AI could prove itself to be most effective when used in conditions of a planned economy, not in a free market system as previously thought, according to participants of a conference on artificial intelligence that was recently held in Beijing.
Speaking at the conference, Jack Ma, the CEO of China’s number one tech company Alibaba, said that within the next few decades, Big Data will be able to revive the panned economy which will become highly efficient.
He added that despite the widespread notion of the past century about the omnipotence of the free market’s so-called “invisible hand” of market mechanisms regulating the entire system and planned economy’s alleged inability to efficiently distribute resources, in the next 30 years, state-run economy could play an increasingly important role.
Why? Because an AI analysis of Big Data will make it possible to optimize resource distribution, thus eliminating the main downside of planned economy.
This opinion was fully echoed by Professor Feng Xiang, who believes that AI and Big Data must not be allowed to end up in private hands.
He warned that if artificial intelligence falls under the control of market forces, this could lead to the emergence of Big Data oligopolies where new oligarchs will snap up the entire material wealth created by robots, while people will lose their jobs and will end up as social outsiders.
Not so under a planned economy or the Chinese model of socialist market economy, which ensure a fair distribution of both resources and the added value among all people.
Dr.

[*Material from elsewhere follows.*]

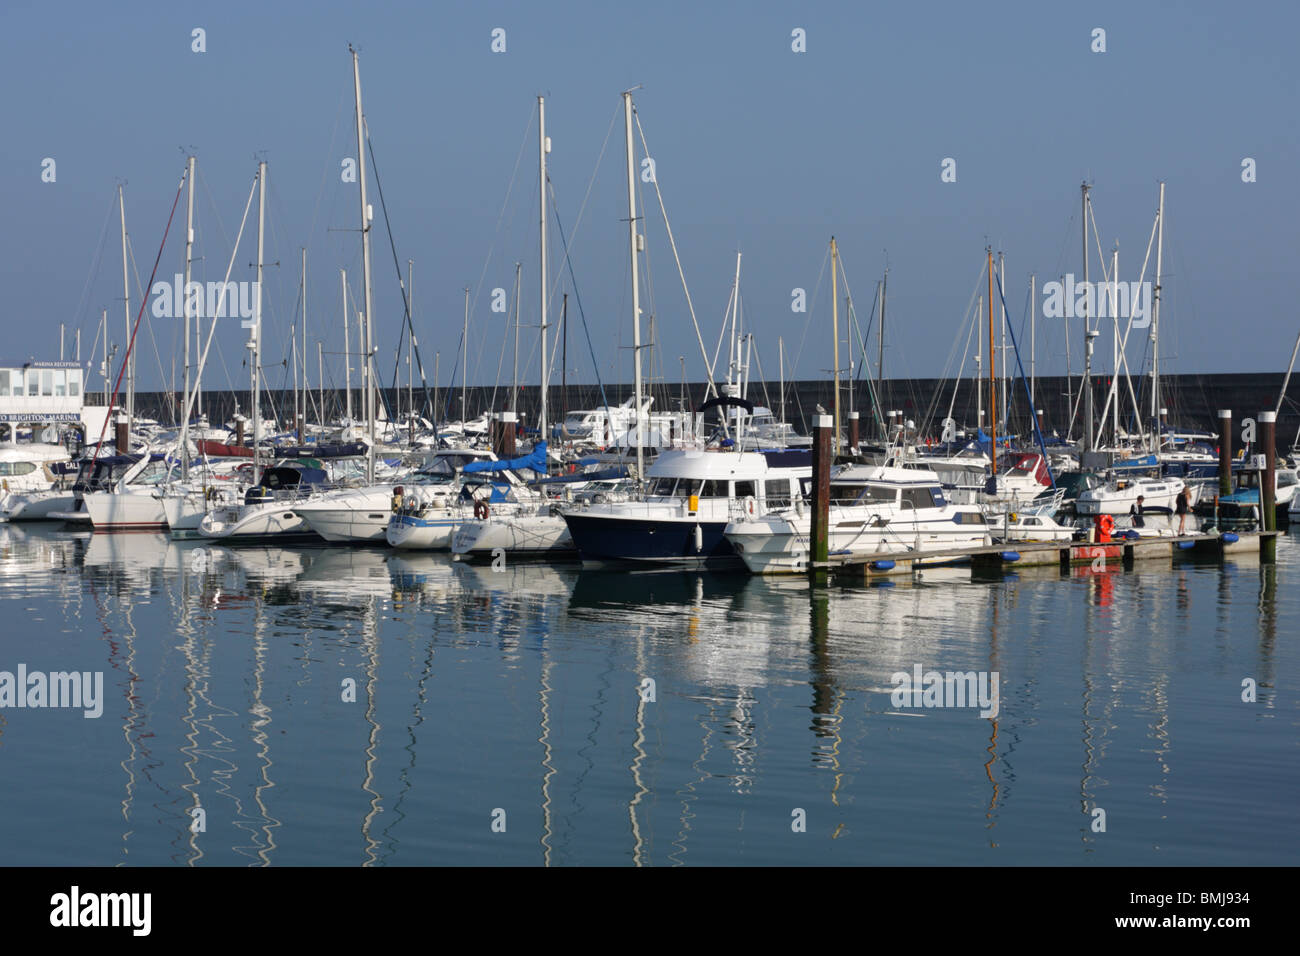 Uno de (17) imágenes en el Brighton Marina. Diversas imágenes verticales y horizontales para ponderar, por favor disfrute. Foto de stock
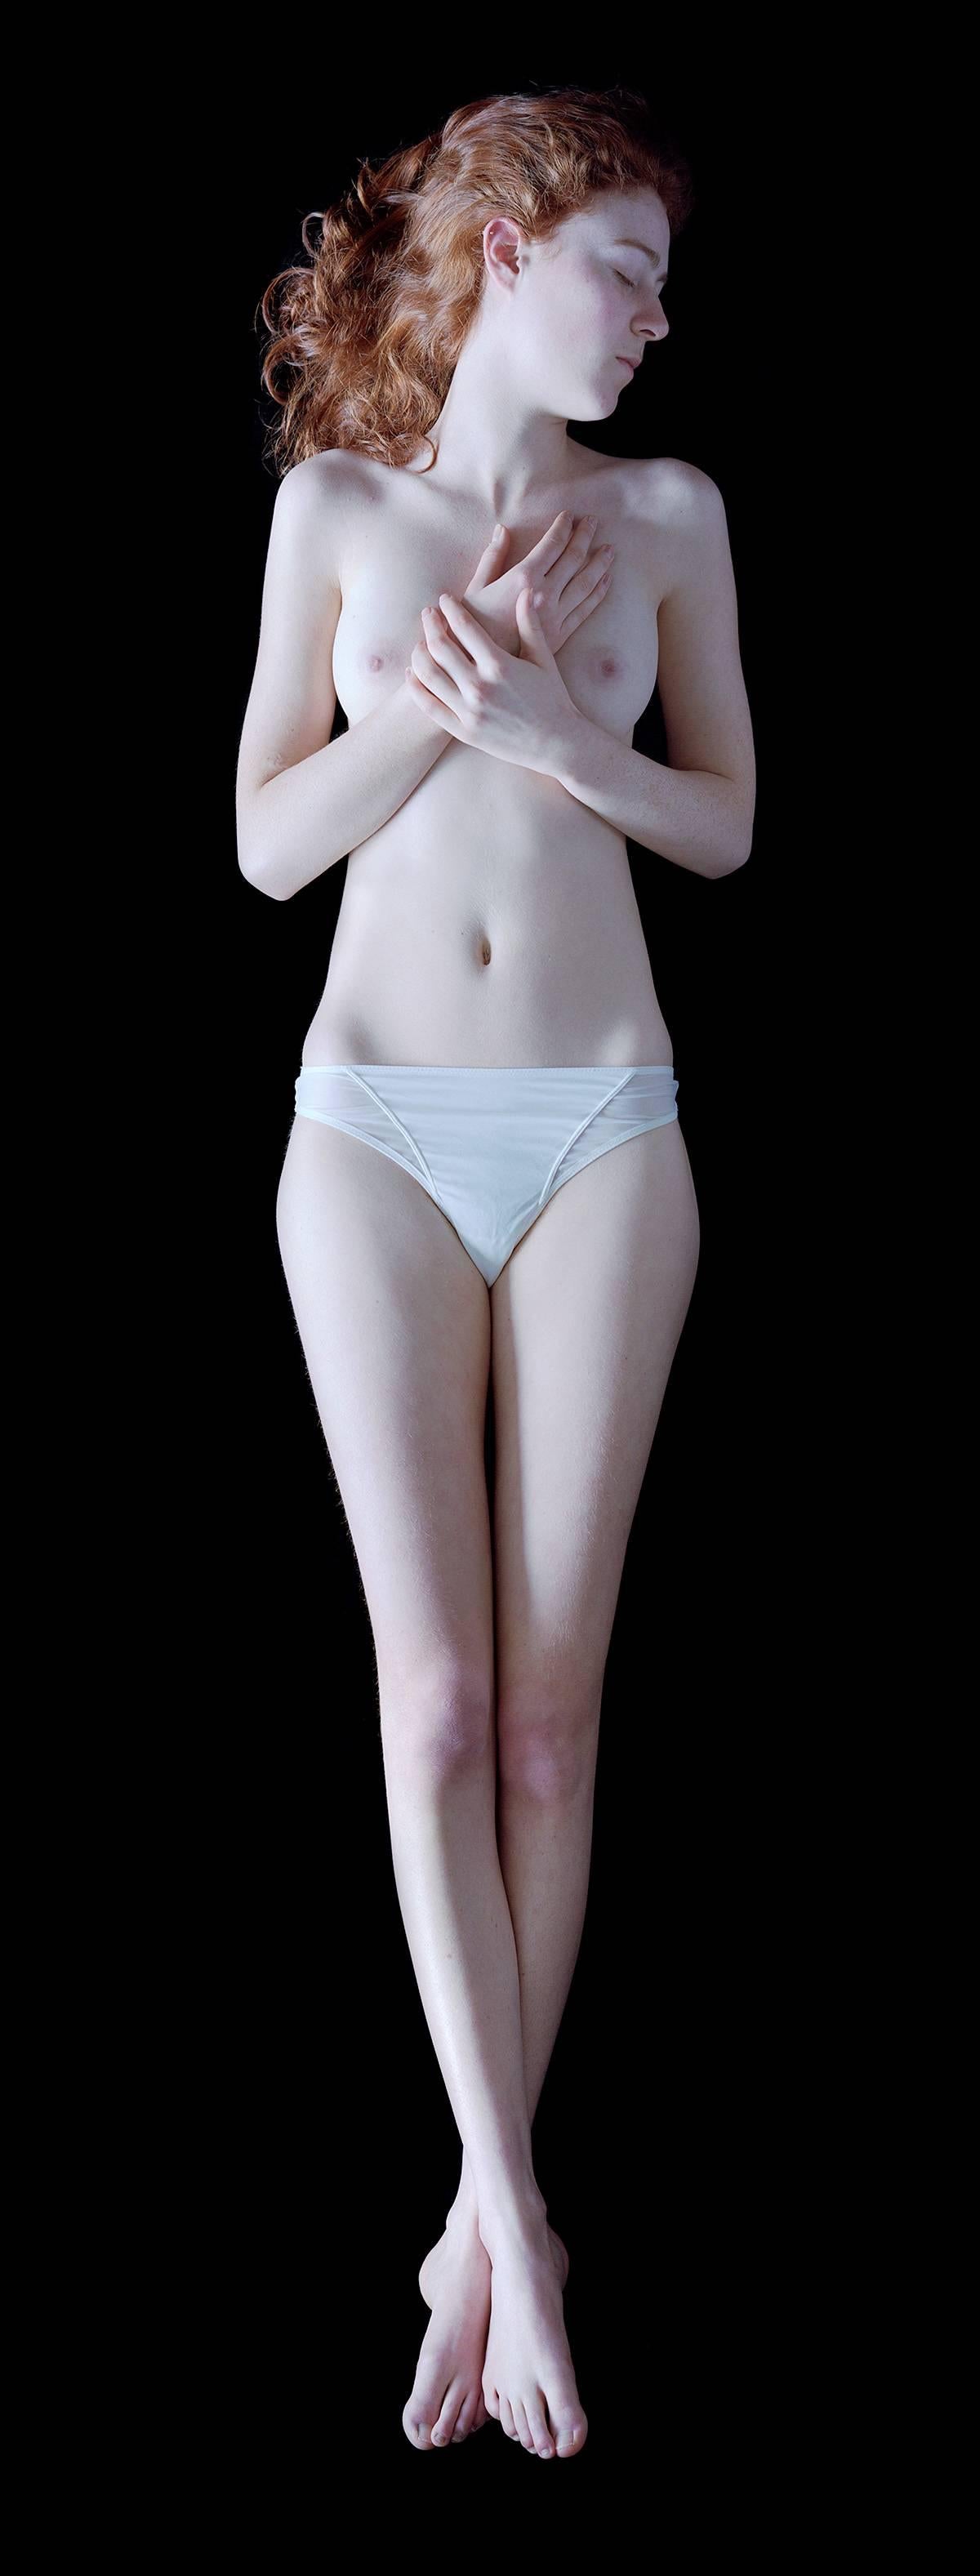 Carla van de Puttelaar Nude Photograph - 2008_24 – The Cranach Series

Feng believes that this could give Marxist ideas a new lease on life and solve many problems resulting, among other things, from the advent of artificial intelligence.
Some experts warn about the danger of AI falling under excessive government control, arguing that it is private companies, not scientific institutions, that are moving things forward.
Even in China, the bulk of AI-related research is done by Alibaba, Baidu, Tencent and iFlyTek, all of which are privately run.
IT expert Liu Xingliang believes that artificial intelligence should not belong to one company or even one country, because if it does, the result will be a slide back to the planned economy model China had before.